By
Andy McCue
Monday, September 26 2005 09:42 AM
URL:
http://www.zdnetasia.com/news/business/0,39044229,39258780,00.htm
Offshore outsourcing has started a revolution in IT services that will see the big Indian vendors rise to the top and some of the established western players disappear, according to the head of one of India's biggest IT companies.
Speaking to silicon.com in Dublin, chief executive of Infosys Nandan Nilekani, said customers are no longer prepared to accept the "old way of doing things" when it comes to outsourcing. "This is irreversible and it is causing a churn in the market. When the dust settles there will be a new set of leaders," he said.

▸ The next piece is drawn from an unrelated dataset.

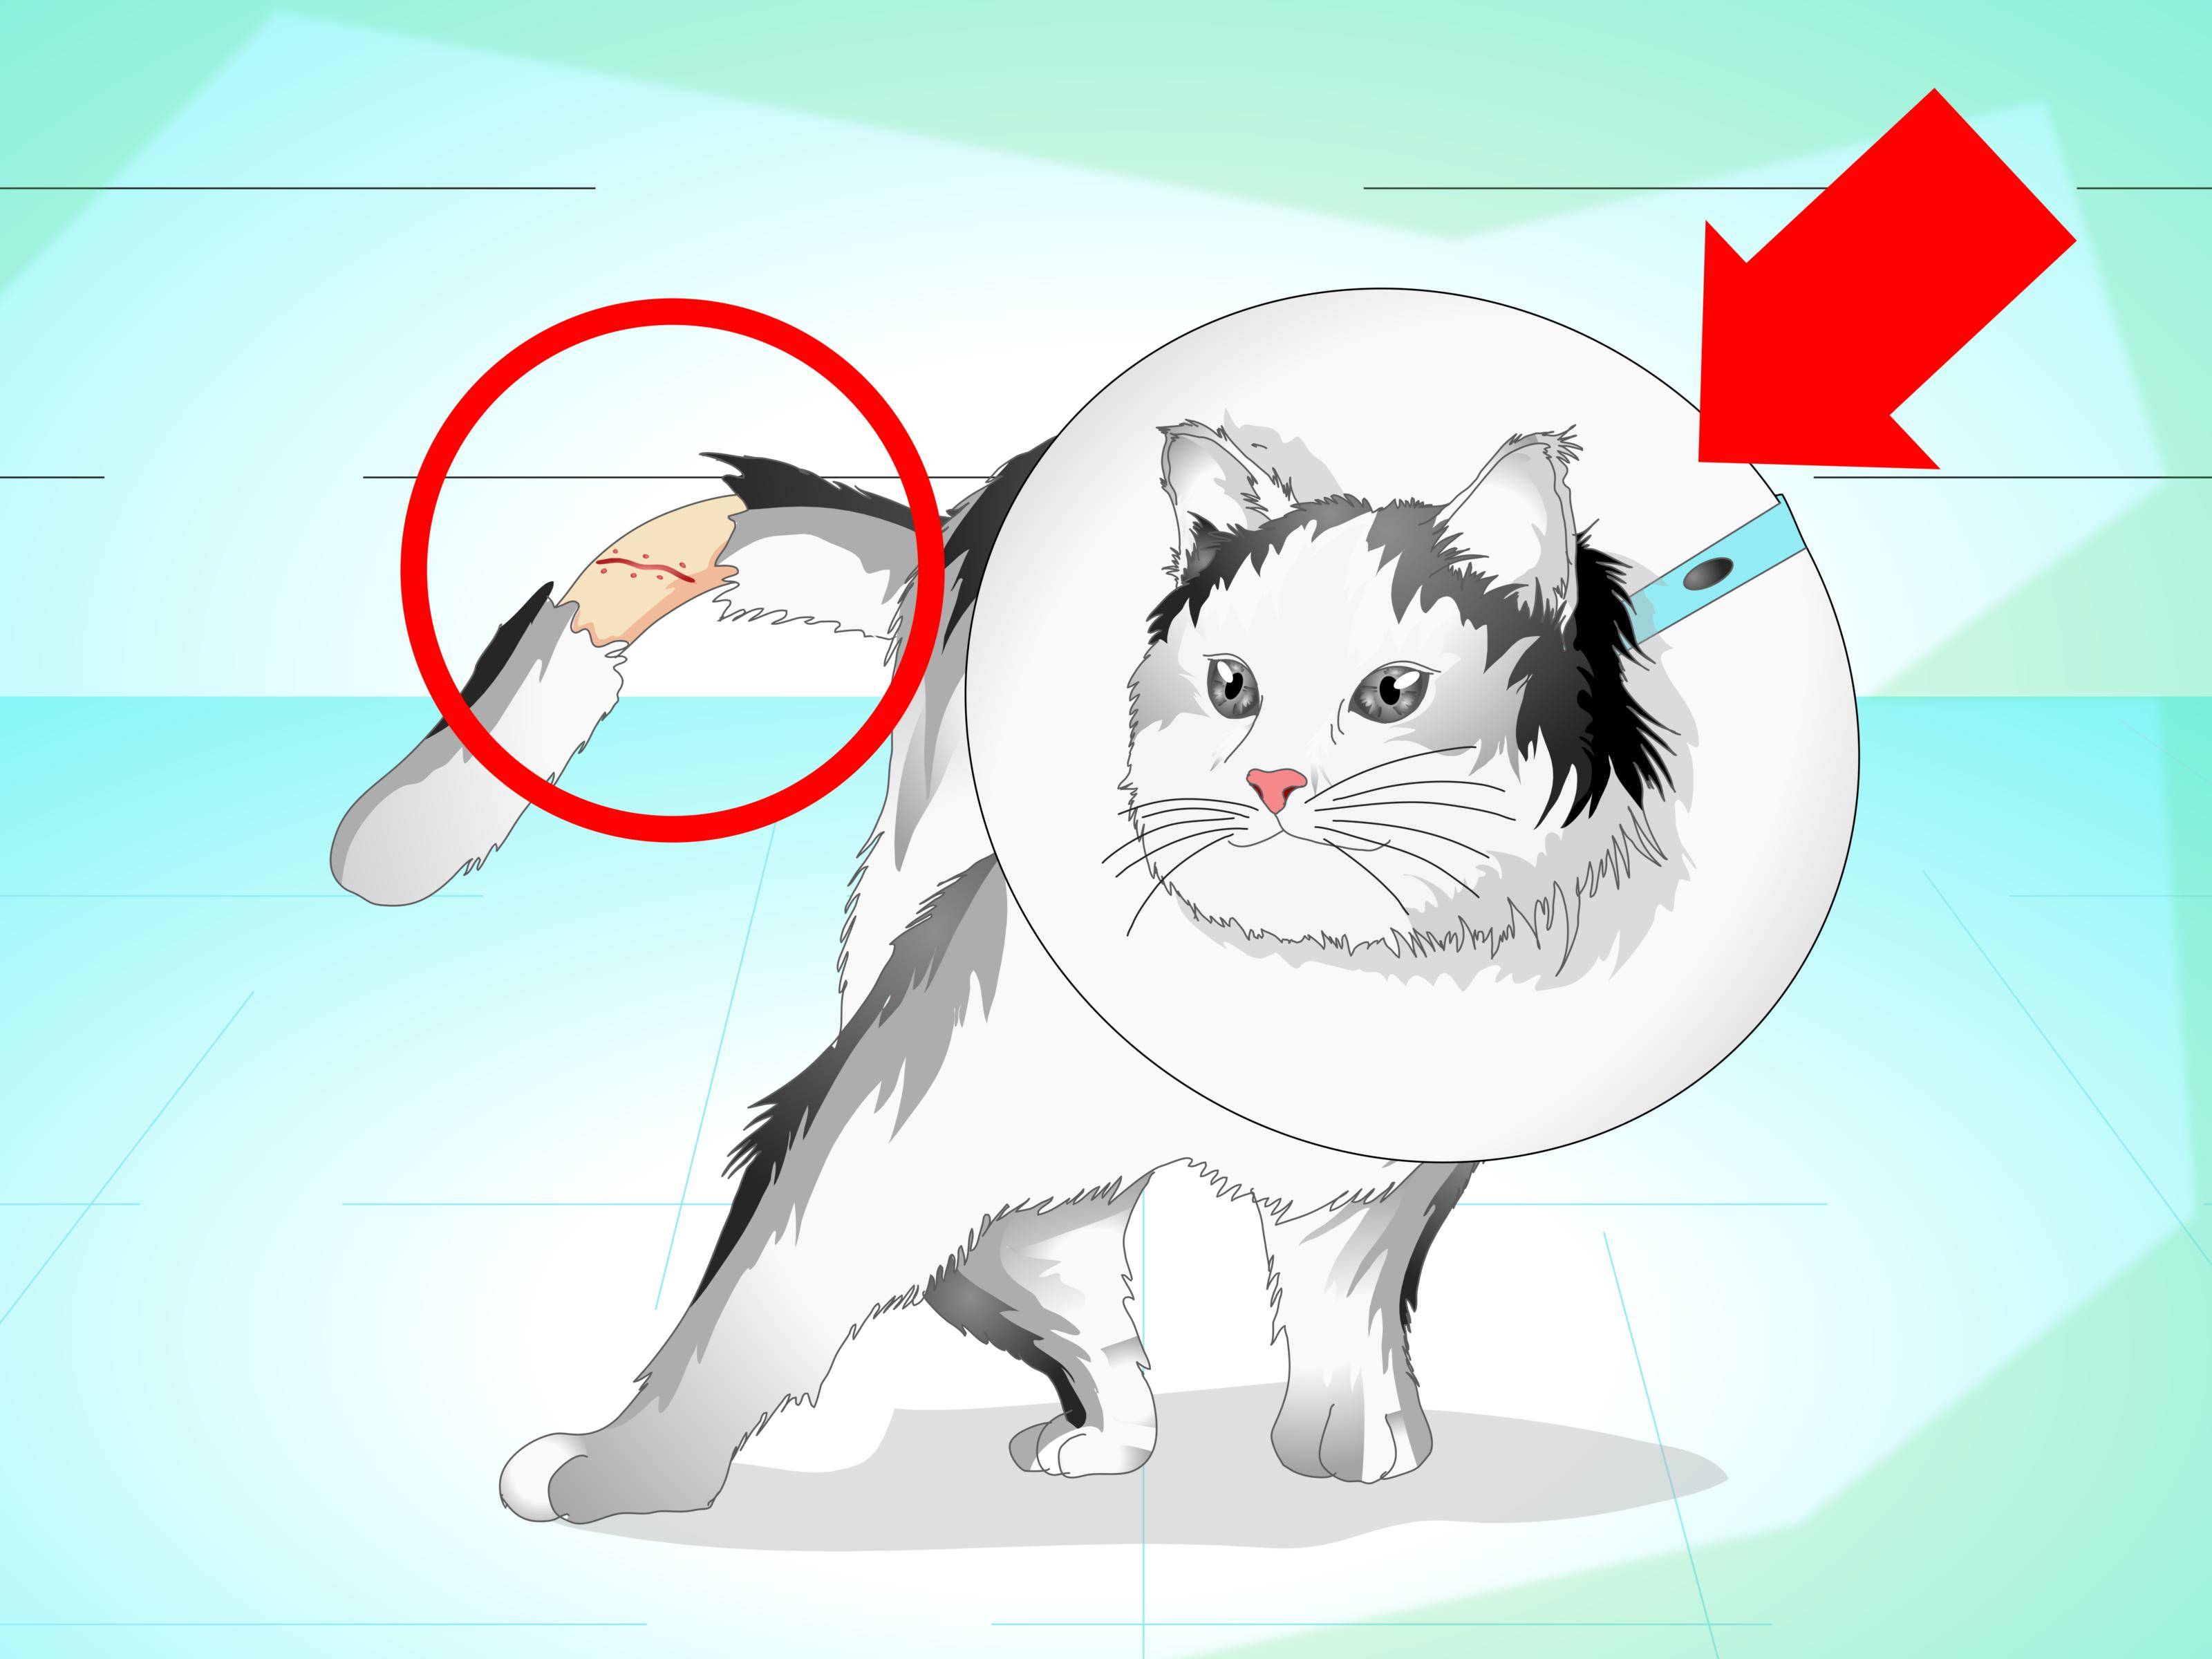 Зачем стригут кошек: почему нельзя и как часто можно подстригать котов

Nilekani pointed to the recent €1.8 billion (US$2.2 billion) ABN Amro outsourcing deal that Indian vendors Infosys, Patni Systems and Tata Consultancy Services all won significant chunks of as evidence the tide is turning in favour of the homegrown offshore providers.

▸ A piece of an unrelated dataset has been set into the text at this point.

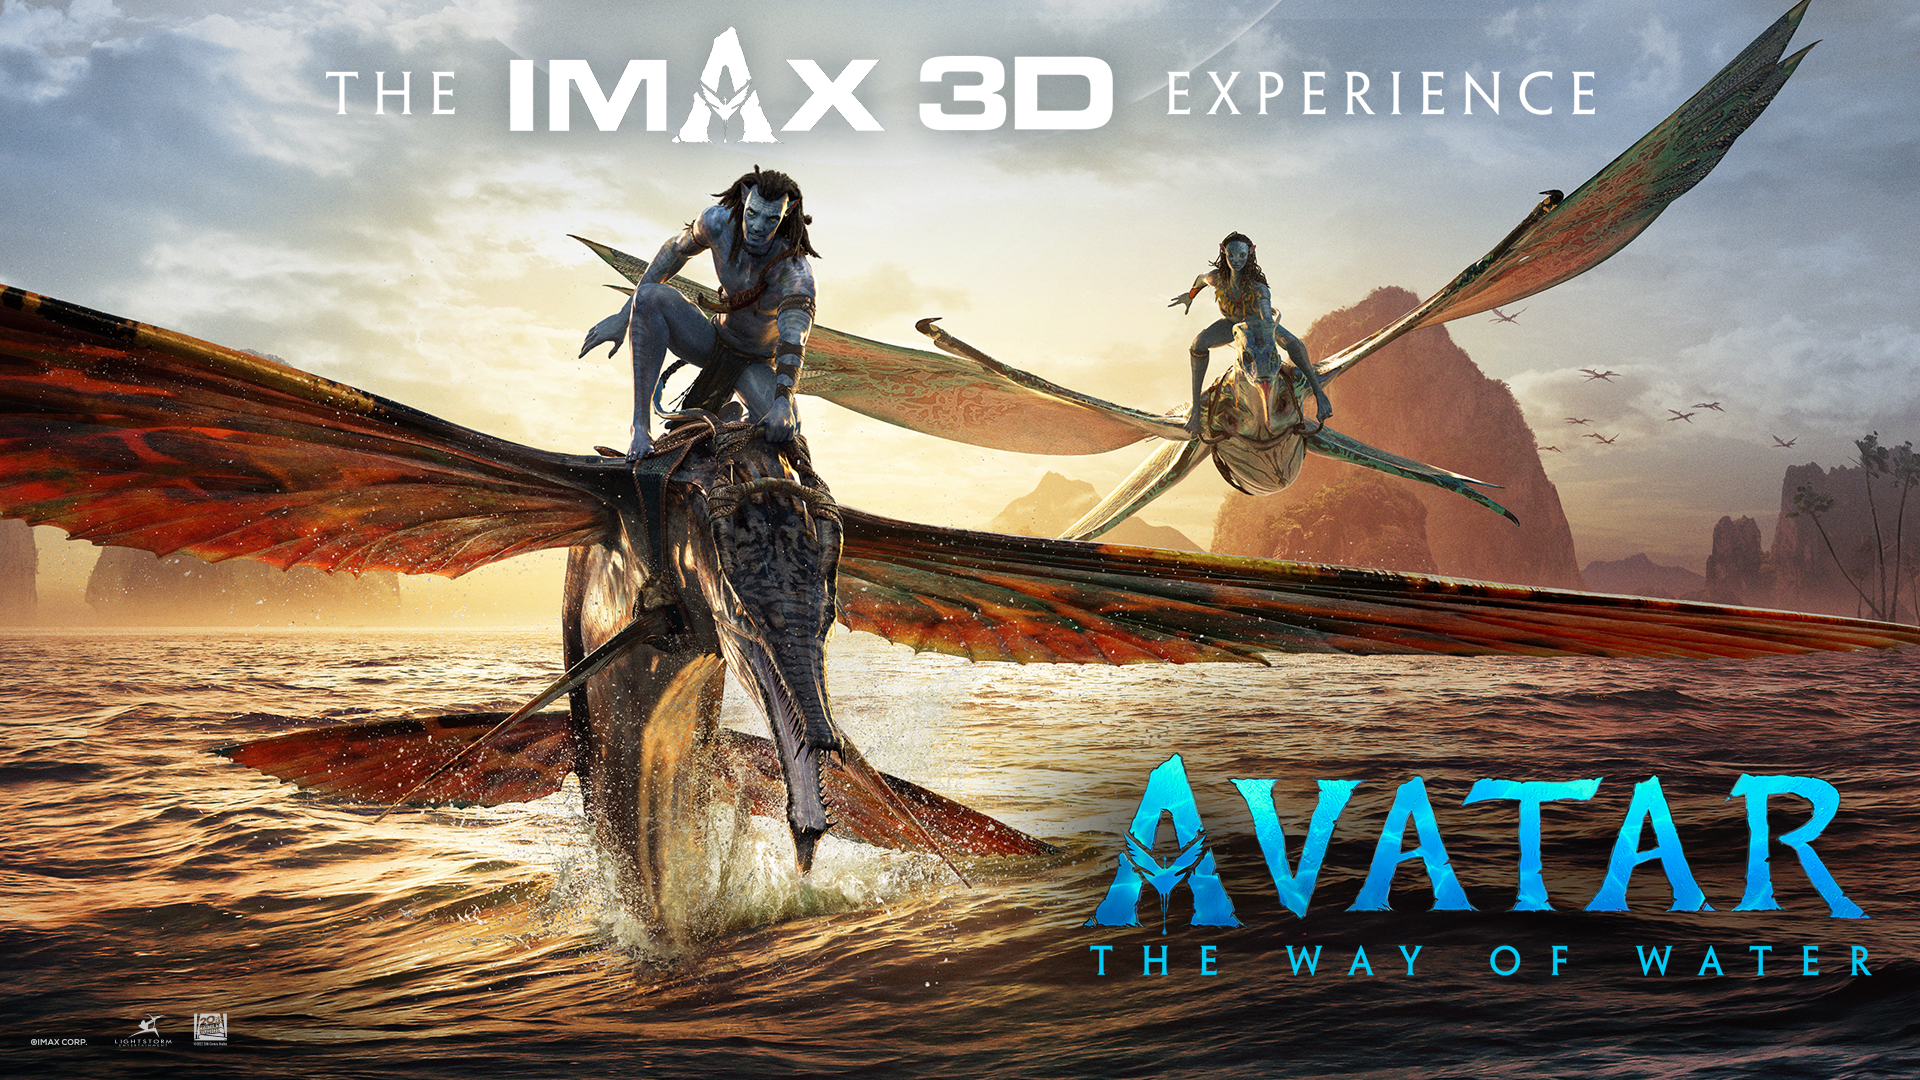 Đừng vội xem Avatar 2 nếu chưa biết đến những công nghệ chiếu phim đặc  biệt sau

He said: "That deal is very significant to us and more importantly it is a tipping point in Europe. European global outsourcing is coming of age. In the view of customers we are all equal."

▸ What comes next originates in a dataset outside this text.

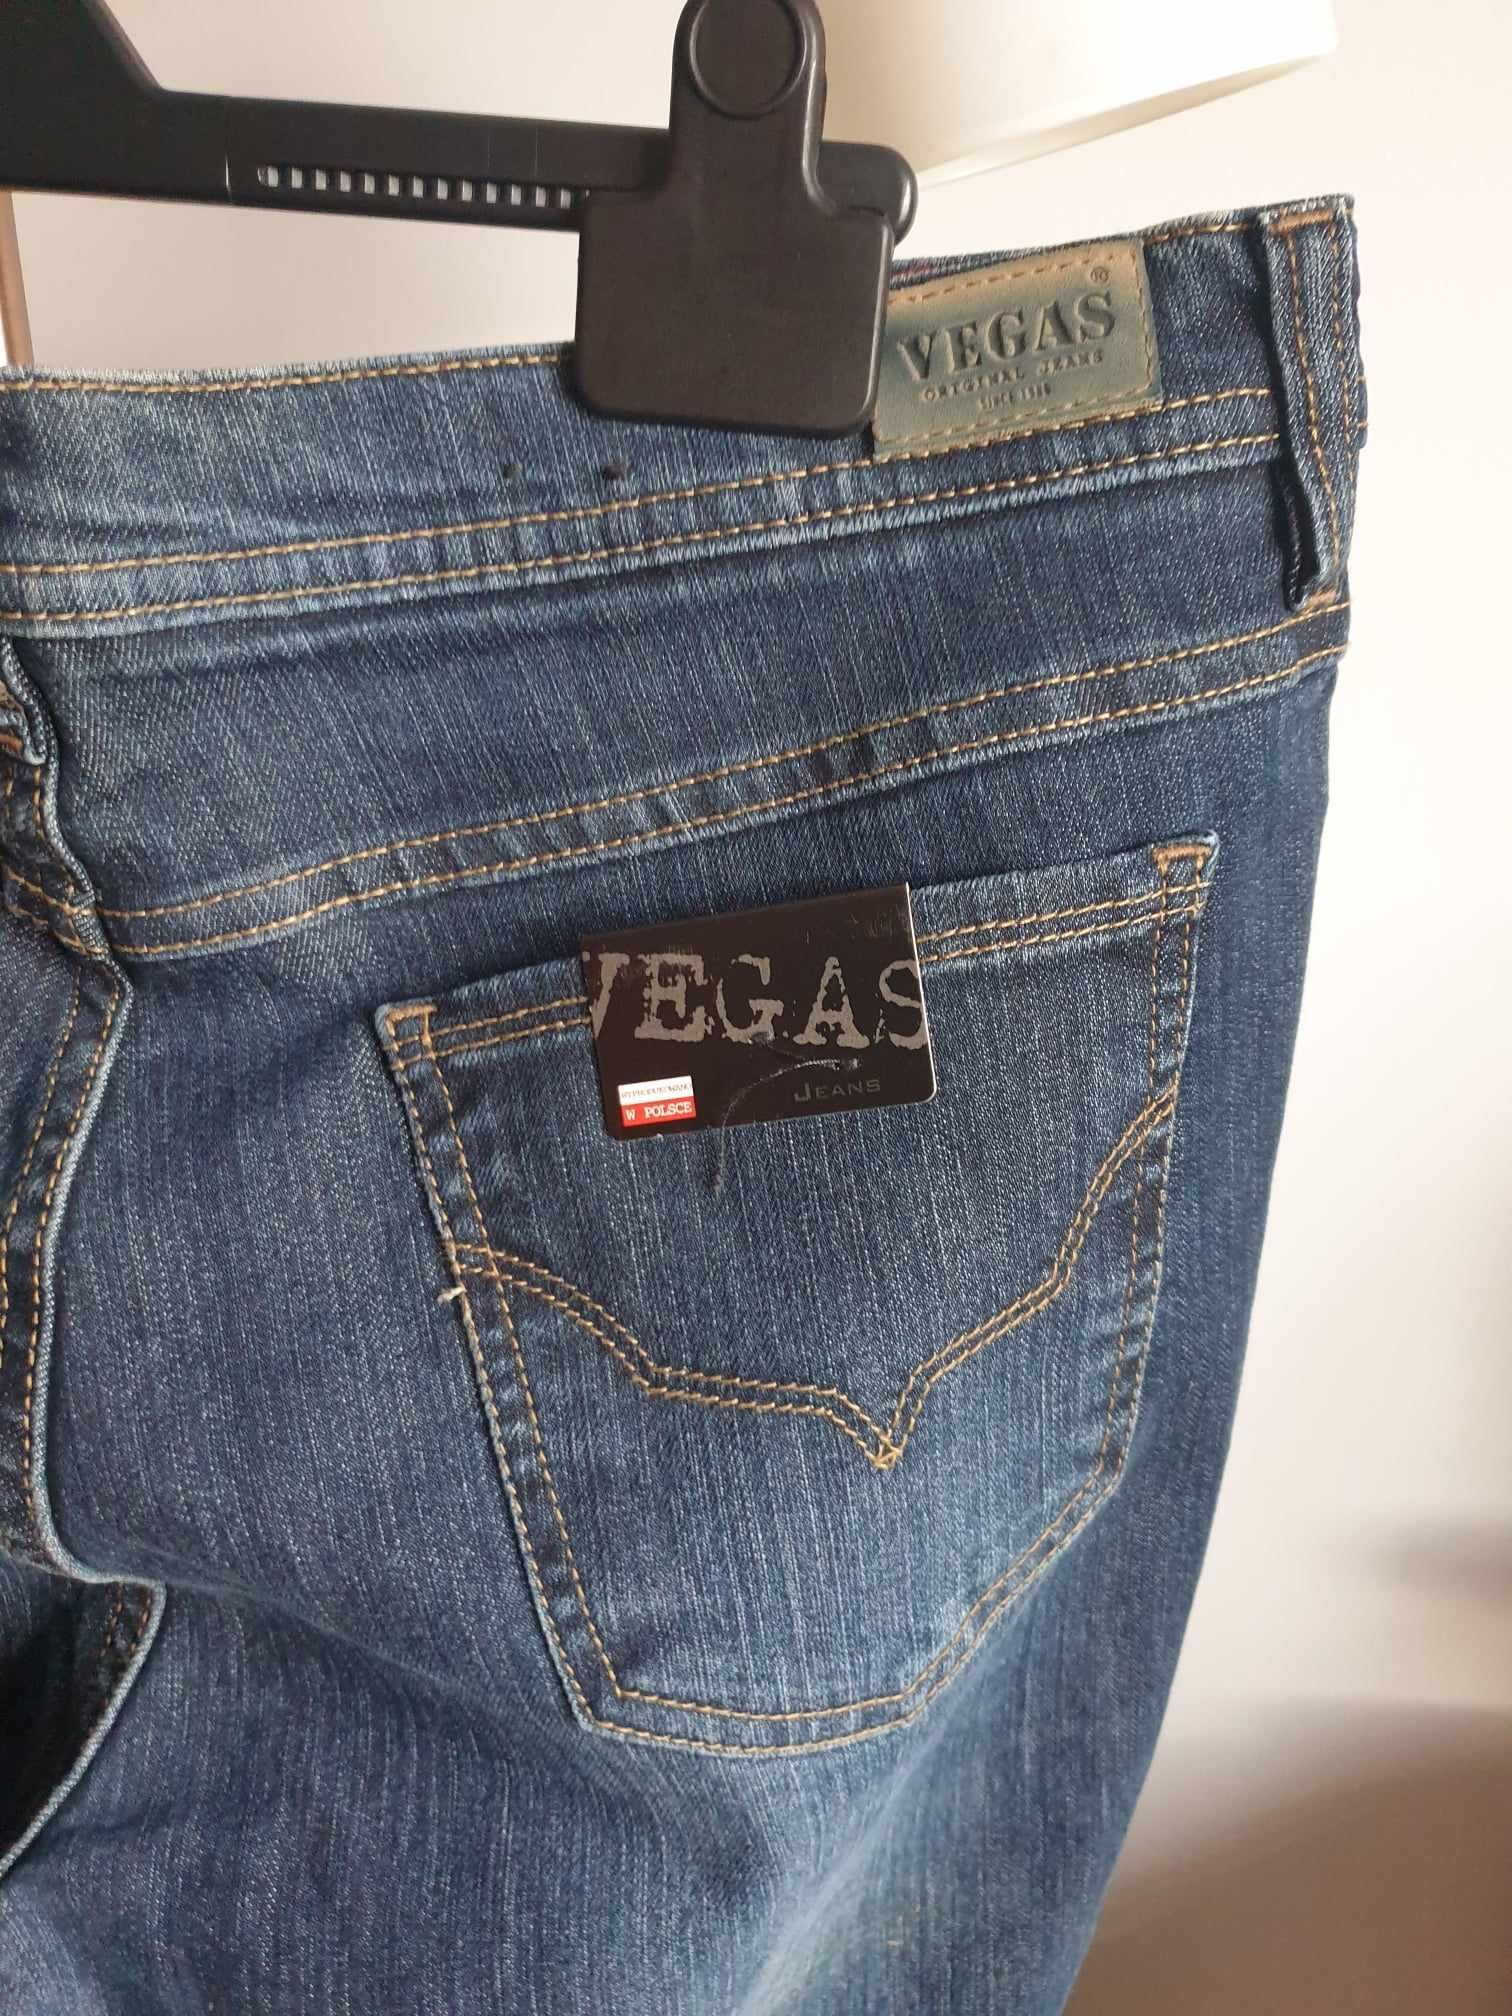 Spodnie damskie jeansowe Vegas wyprodukowane w Polsce

Nilekani also acknowledged the impact that rapid economic growth in China will have on the IT market but said it is more of an opportunity than a threat to the Indian companies.
"China has to be part of your equation and we are investing $65 million in China," he said. "It is a fast growing economy and a lot of our global customers have ambitions in China."
Ian Marriott, research VP at Gartner, agreed that the offshore outsourcing phenomenon will cause a reordering of the top global IT service providers.
He said: "The top 10 providers of the future may be five of the traditional outsourcers and five of the Indian companies. There will certainly be a shakeout and some [of the traditional outsourcers] will drop away."
Silicon.com's Andy McCue reported from London.